Networking / Beginners

Using Windows Monitoring Tools

Windows supplies Net Watcher in Windows 98 computers to monitor network connections. Windows 2000 uses a Network Monitor. In Windows XP, you can use Network Diagnostics to define and locate network problems. Each of these tools monitors the network, the computer, or traffic on the network in different ways. You can also use shareware, freeware, or purchased software to monitor activity on your network.

The Windows 2000 Network Monitor is similar to the Net Watcher program in Windows 98; however, it has more features and performs more complex network management functions. For information on the Windows 2000 Network Monitor, see the Windows 2000 documentation.

Using Net Watcher for Windows 98

Net Watcher is an application you can use on a network to monitor shared resources. You can view each user attached to a computer, as well as the folders and files he or she is using. You also can disconnect a user, close a file, add a shared folder, and more.

You can view the shares on your own computer and on other computers if you have the password. You also can perform any task on a remote computer after you open the computer's window in Net Watcher.

The Net Watcher monitoring users on the network. The two users each have three shares open. Note that neither user has been connected to Hugh for very long, so no files are open at this time. You can see the folders, however, that the selected user has open.

Configuring the workstation for Net Watcher

Before you can run Net Watcher, you must enable remote administration on all workstations on the network. When enabling remote administration, you assign a password to each workstation. Be sure to use the same password on all workstations.
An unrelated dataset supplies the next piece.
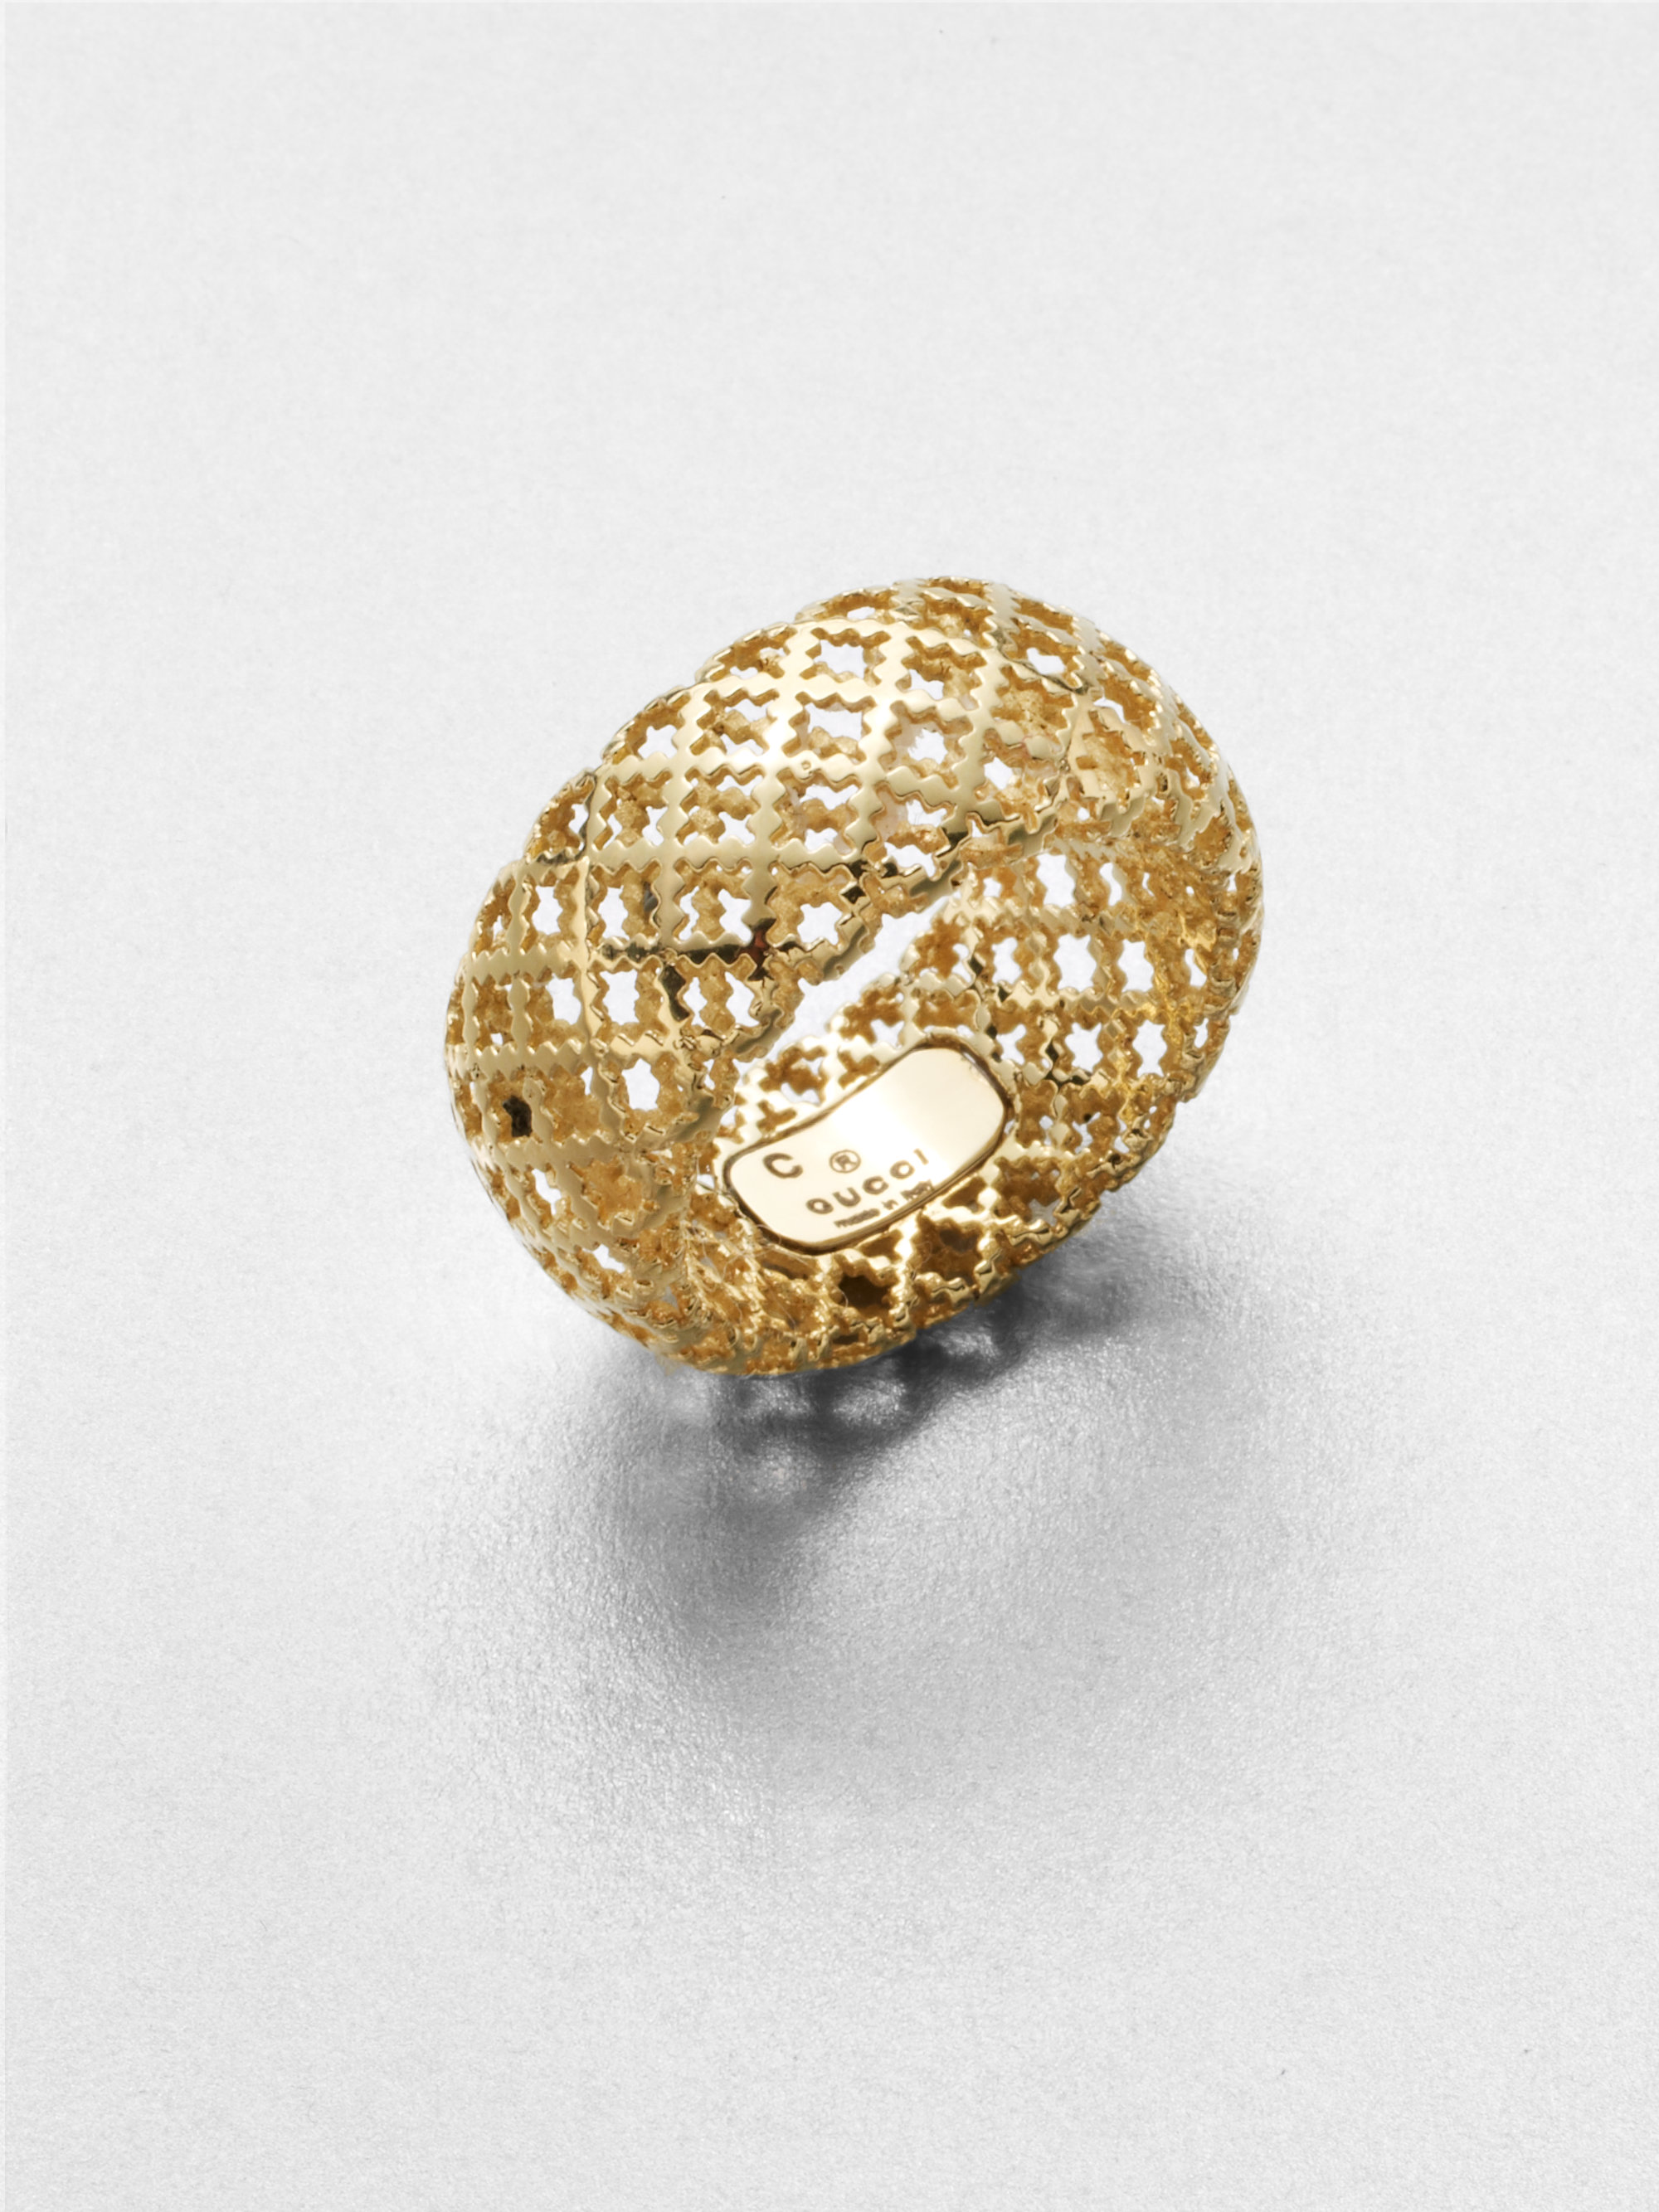 Lyst - Gucci Diamantissima 18k Yellow Gold Band Ring in Metallic

Enabling remote administration allows a user to create, change, and monitor shares on your computer. Windows enables you to assign a password to this permission so that only a person who knows the password can perform these tasks. The person who knows the password can monitor the workstations from any computer on the network.

To enable remote administration, follow these steps:

  1. Choose Start → Settings → Control Panel. The Control Panel appears.
  2. Double-click the Passwords icon in the Control Panel.
  3. Choose the Remote Administration tab.
  4. Check the box for Enable Remote Administration of This Server.
  5. Enter the password in the Password text box, and then enter it again in the Confirm Password text box to confirm it. As you enter the password, Windows displays only asterisks.
  6. Click OK. Repeat these steps on the other computers on the network.

In addition to enabling remote administration, you must enable file and print sharing, if you have not already done so. Open the Network icon in the Control Panel and then click the File and Print Sharing button. Make sure that both check boxes are checked.

Starting and quitting Net Watcher

When you start Net Watcher, any connections to your computer appear in the window. As new users or connections are made, the window reflects those connections as well. You also can refresh the view at any time to make sure that all connections are showing.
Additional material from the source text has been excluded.